Metadata Profile: On the Web

overview

on the web

Dublin Core

RDF

PICS

PURLs

URNs

UDDI

thesauri

directories

web engines

site engines

Metadata on the web

This page looks at use of metadata on the web.

     what is metadata?

Metadata is literally information about information. It may be very restricted in scope, such as a simple identification number. Or it may be descriptive, allowing the creation of indexes, lists and other tools that can be used for identification and for evaluation of information.

If you've used a library catalogue you've used such a tool. The catalogue is based on metadata - subject, author, publisher etc - about the books and other documents held by that institution.

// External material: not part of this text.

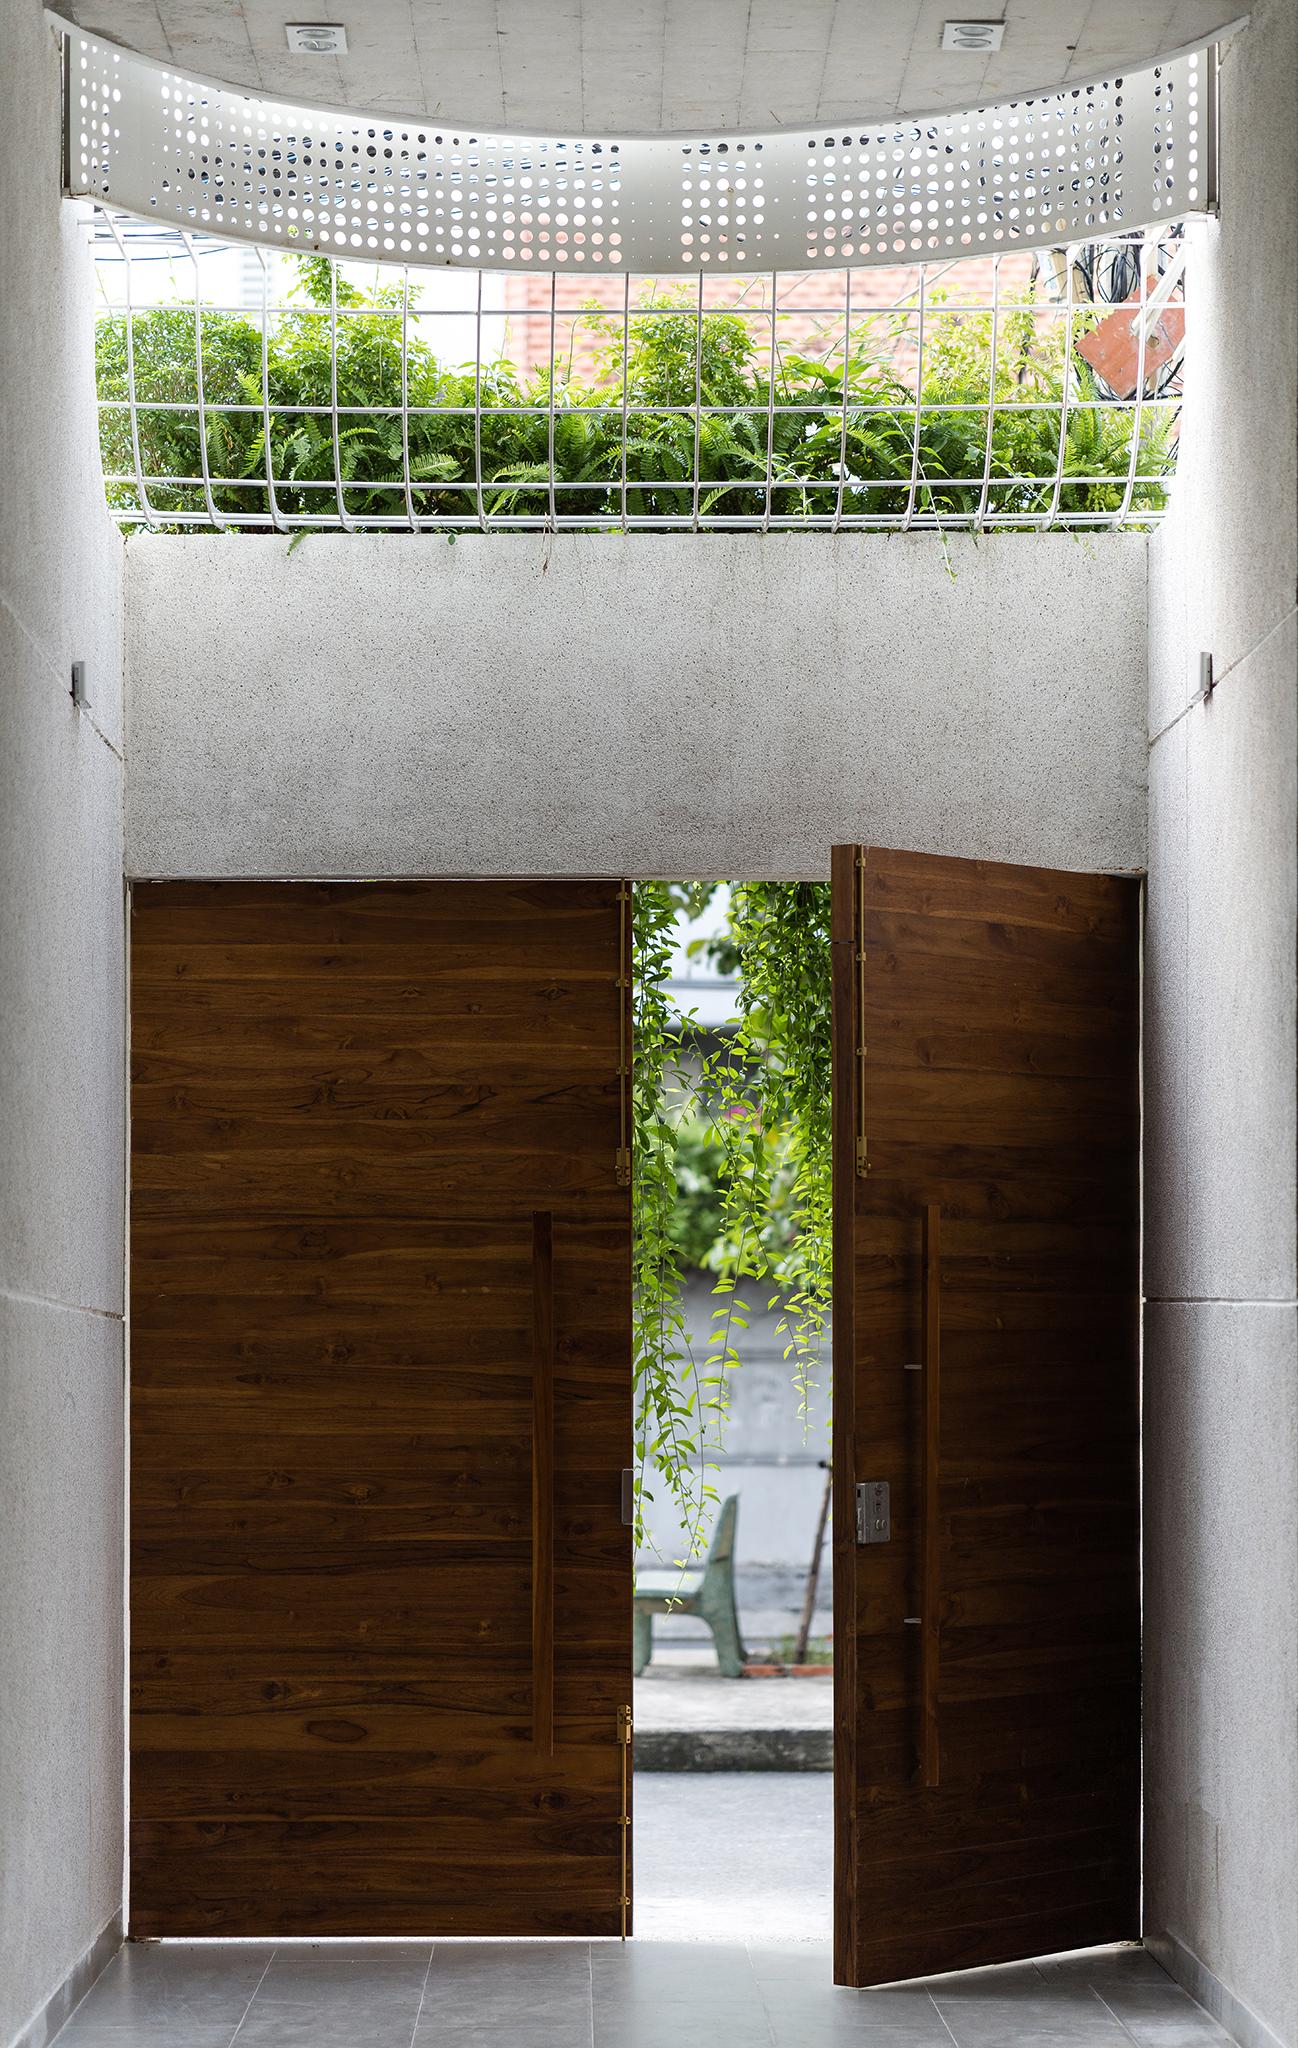 cánh cổng nhà bằng gỗ

Metadata is one of the key features of the web. It is found within individual web pages, at varying levels of detail and using varying standards, highlighted below. And it's found in the search engines, directories and other tools for finding sites and individual pages. The next page of this guide looks at those engines and directories.

This site, indeed, can be viewed as metadata about information on the web and offline, since it identifies and evaluates several thousand sites, web documents and print publications.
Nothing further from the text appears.